Once you find the line with "Top 20 Best" in the data below, transcribe exactly each line from there to the line with "The Affleck Arms, an", inclusive, and nothing else. Drop the pictures.

◆ Given data ◆
******************************

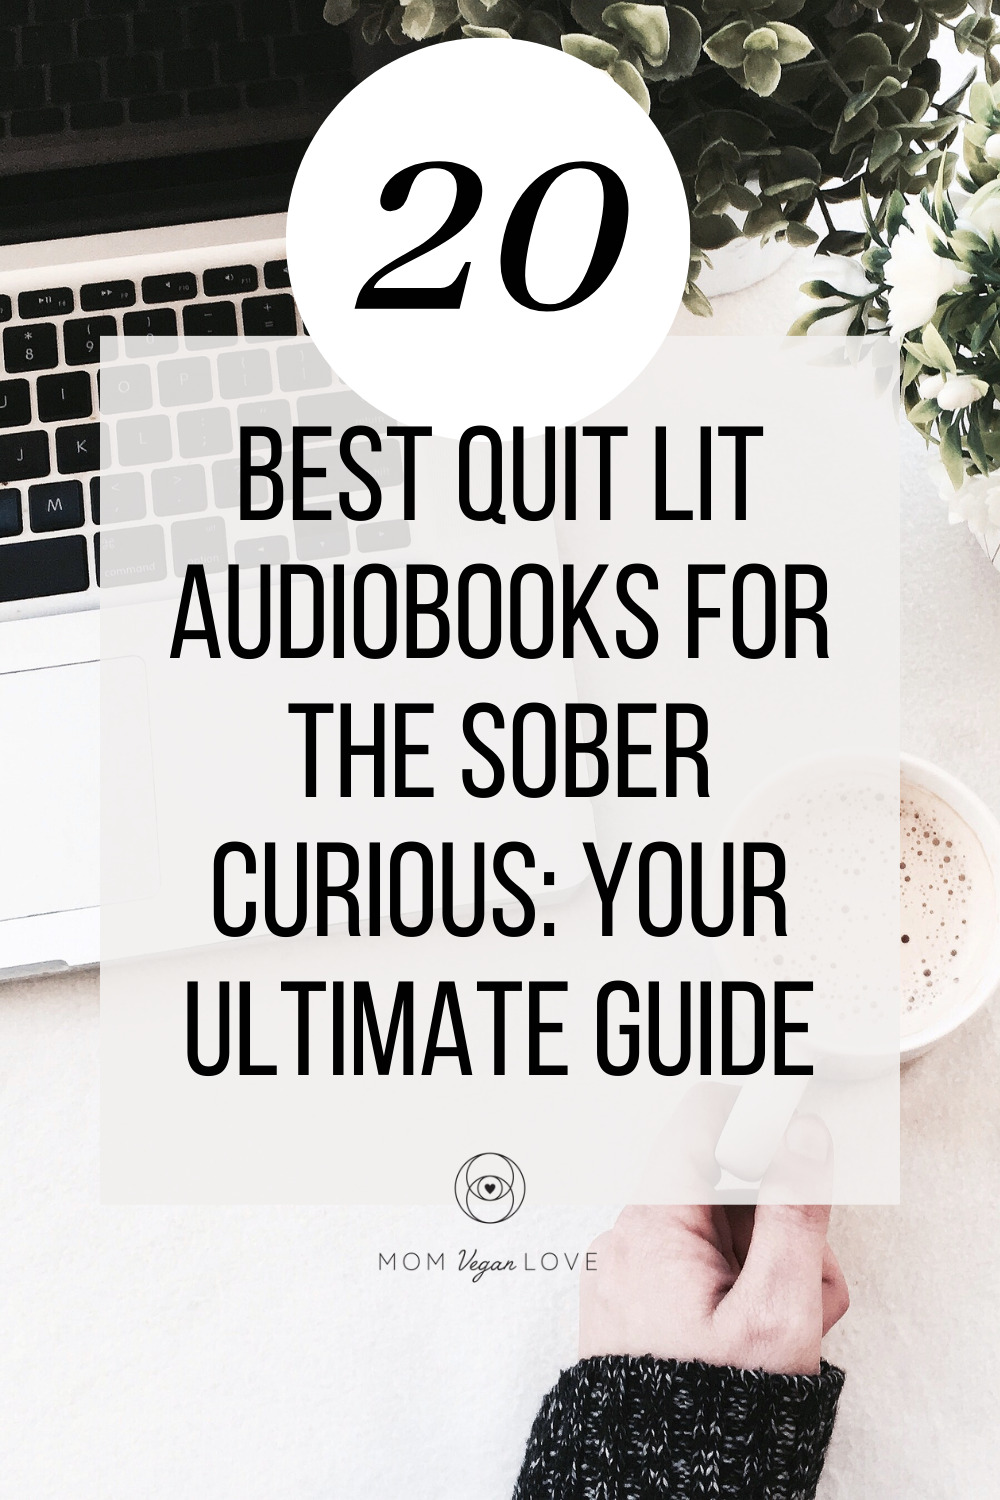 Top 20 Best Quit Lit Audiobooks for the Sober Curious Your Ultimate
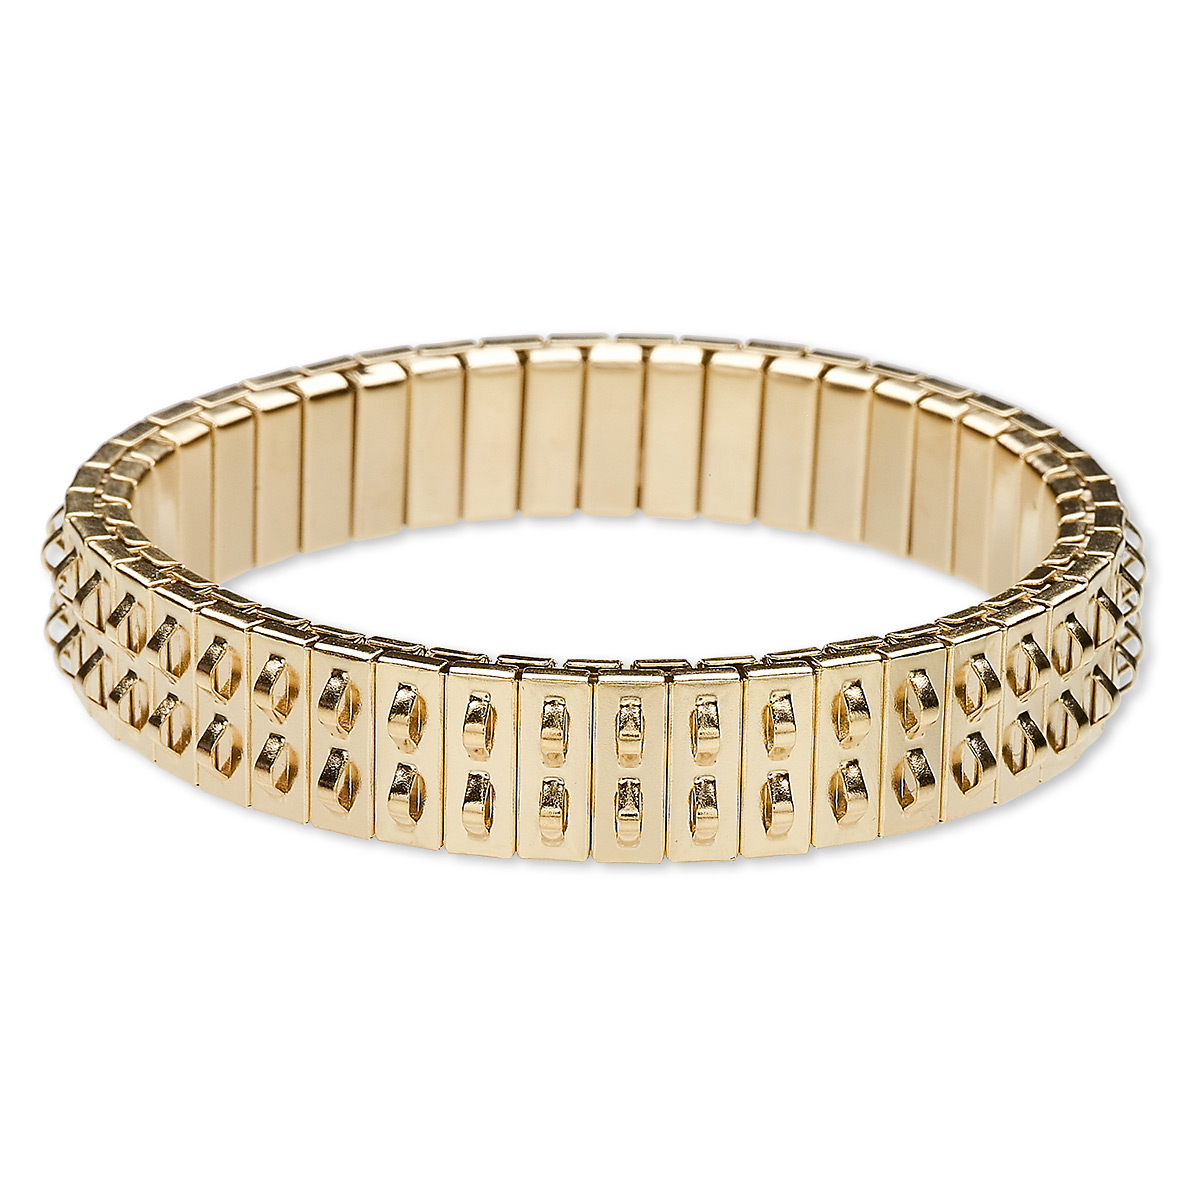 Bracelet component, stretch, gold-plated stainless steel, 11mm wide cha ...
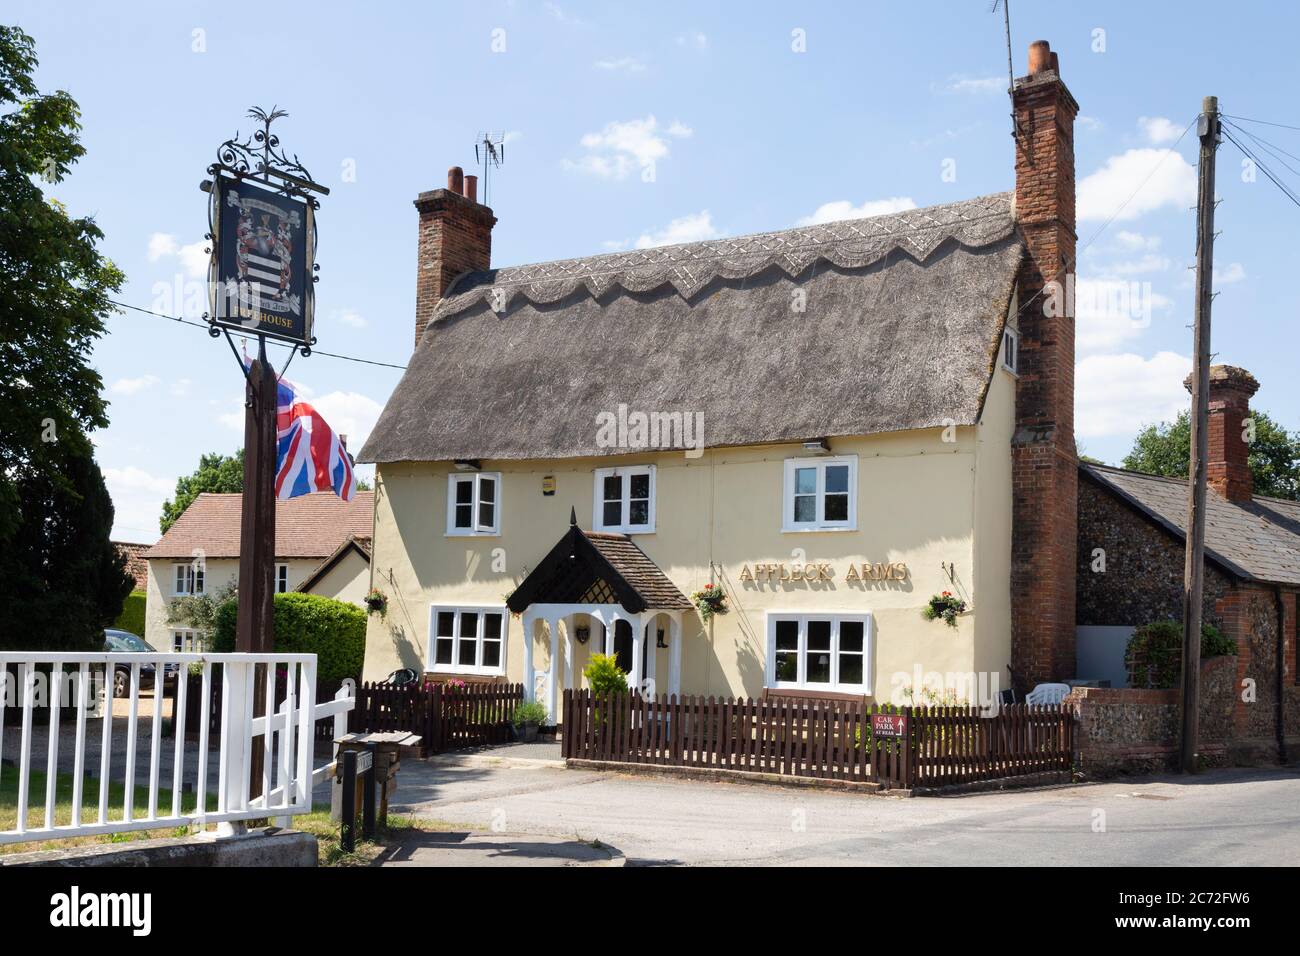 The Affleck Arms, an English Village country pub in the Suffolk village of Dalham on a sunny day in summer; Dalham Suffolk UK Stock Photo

******************************

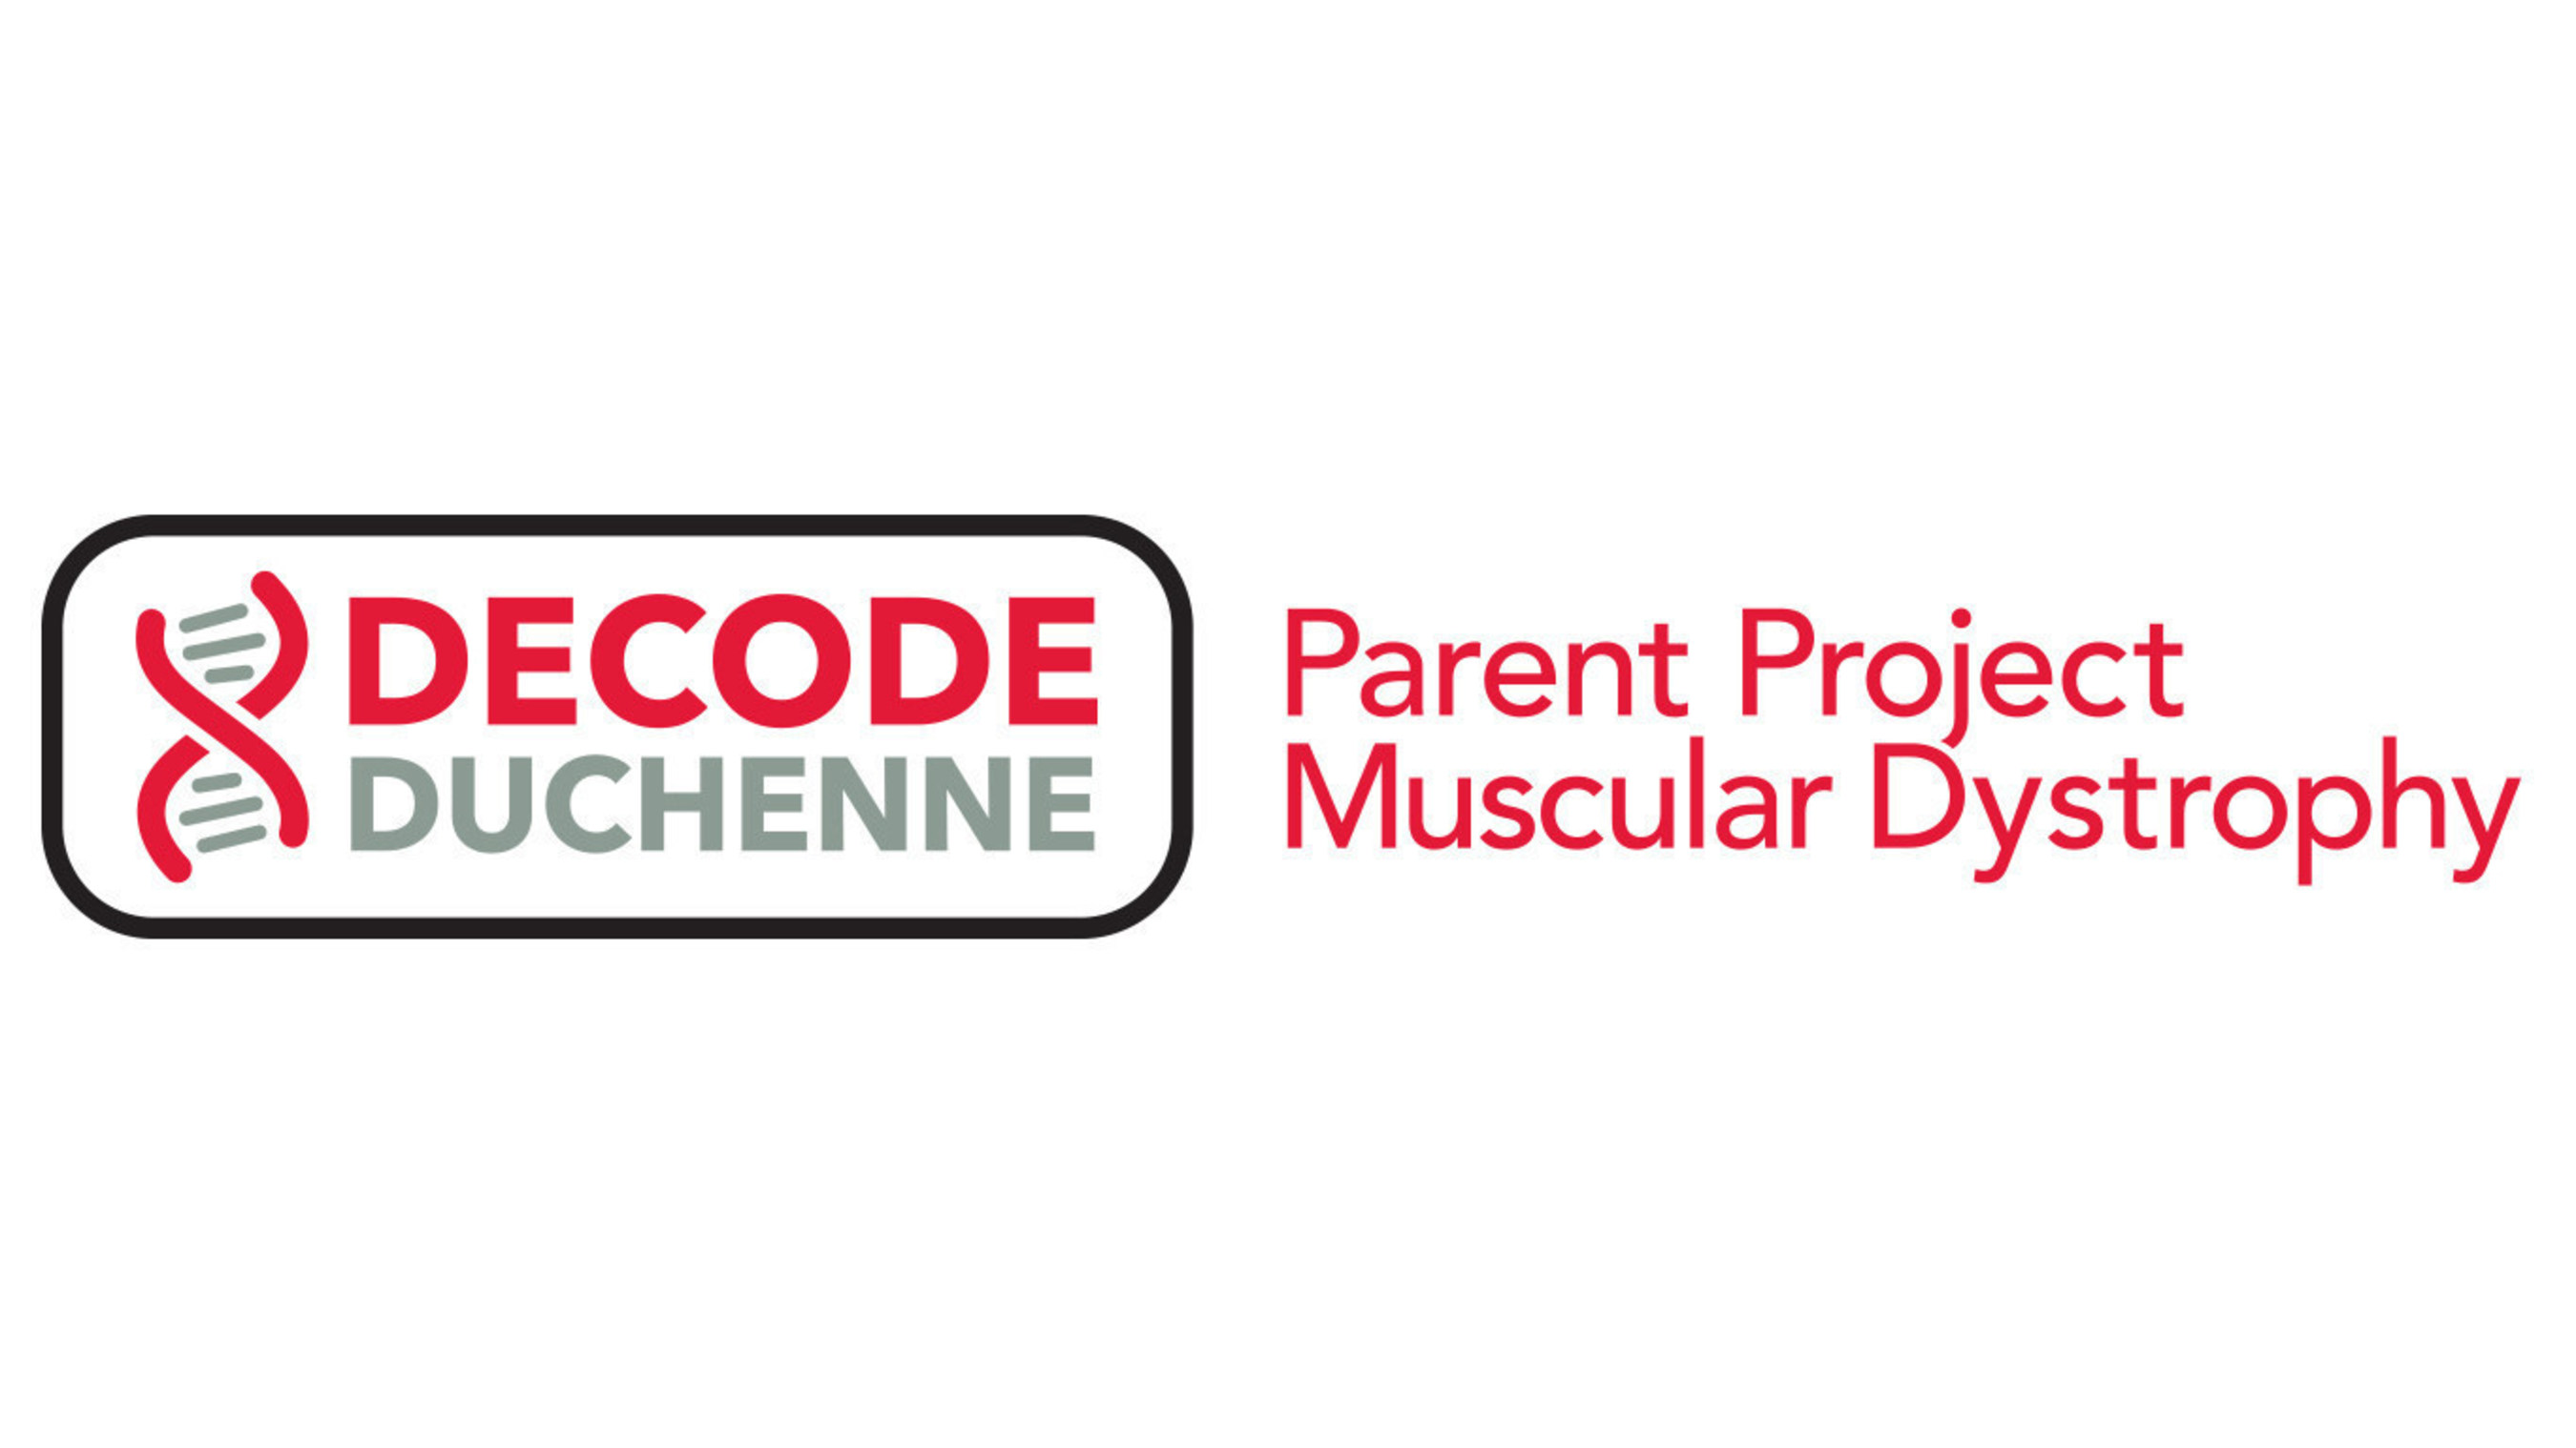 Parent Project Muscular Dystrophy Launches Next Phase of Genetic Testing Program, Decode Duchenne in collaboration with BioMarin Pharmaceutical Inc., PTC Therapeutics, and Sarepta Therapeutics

******************************

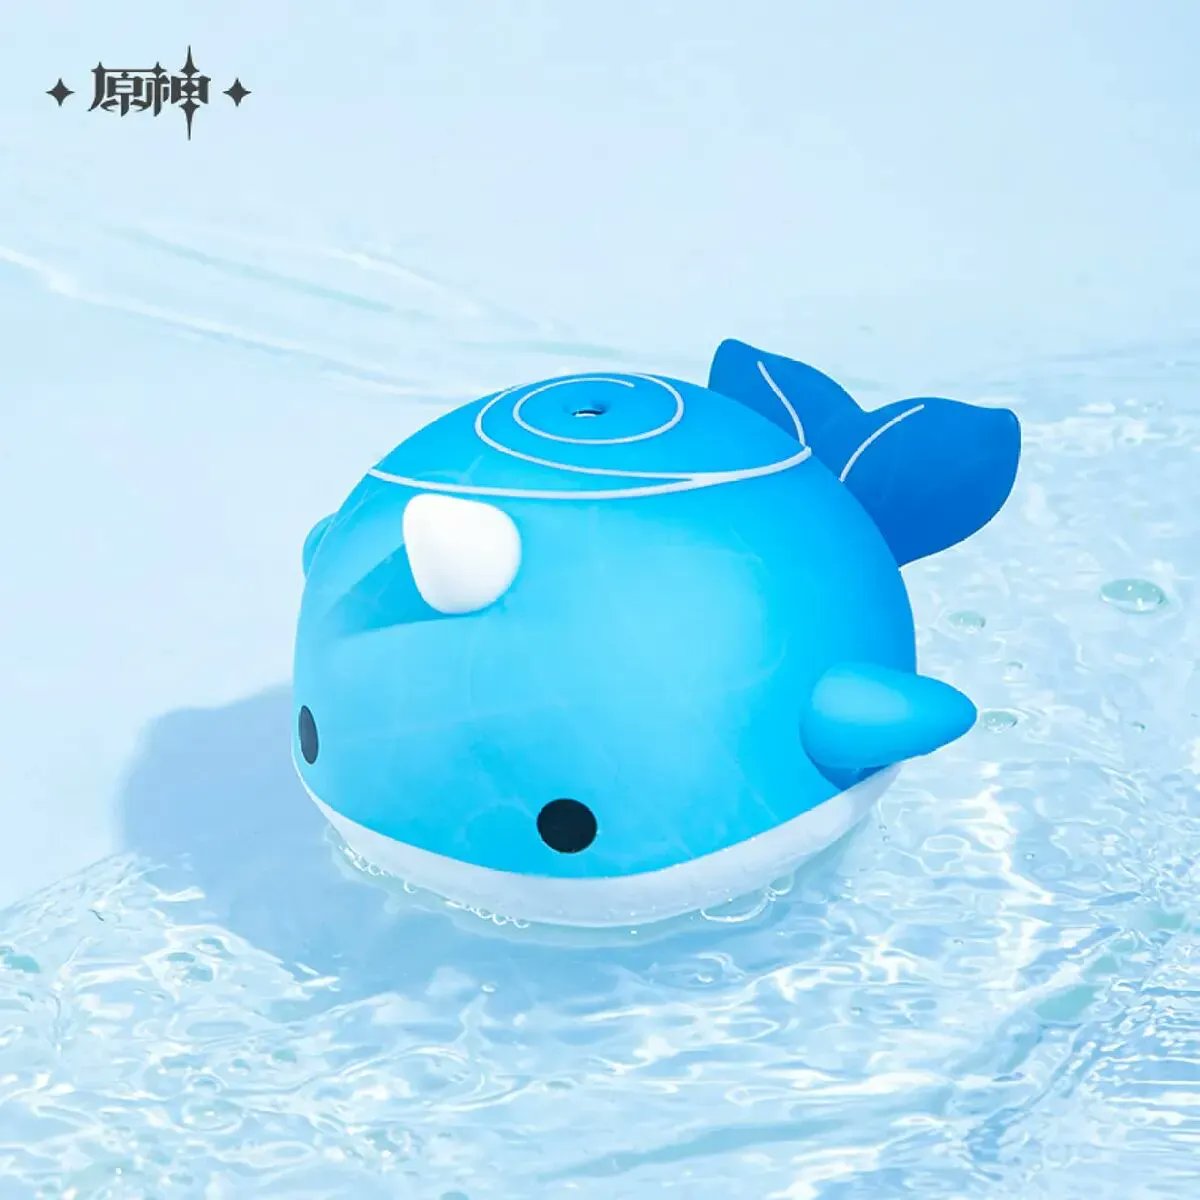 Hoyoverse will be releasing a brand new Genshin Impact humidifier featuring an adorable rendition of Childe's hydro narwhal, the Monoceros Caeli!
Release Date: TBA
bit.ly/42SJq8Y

******************************

◆ Solution ◆
 Top 20 Best Quit Lit Audiobooks for the Sober Curious Your Ultimate
 Bracelet component, stretch, gold-plated stainless steel, 11mm wide cha ...
 The Affleck Arms, an English Village country pub in the Suffolk village of Dalham on a sunny day in summer; Dalham Suffolk UK Stock Photo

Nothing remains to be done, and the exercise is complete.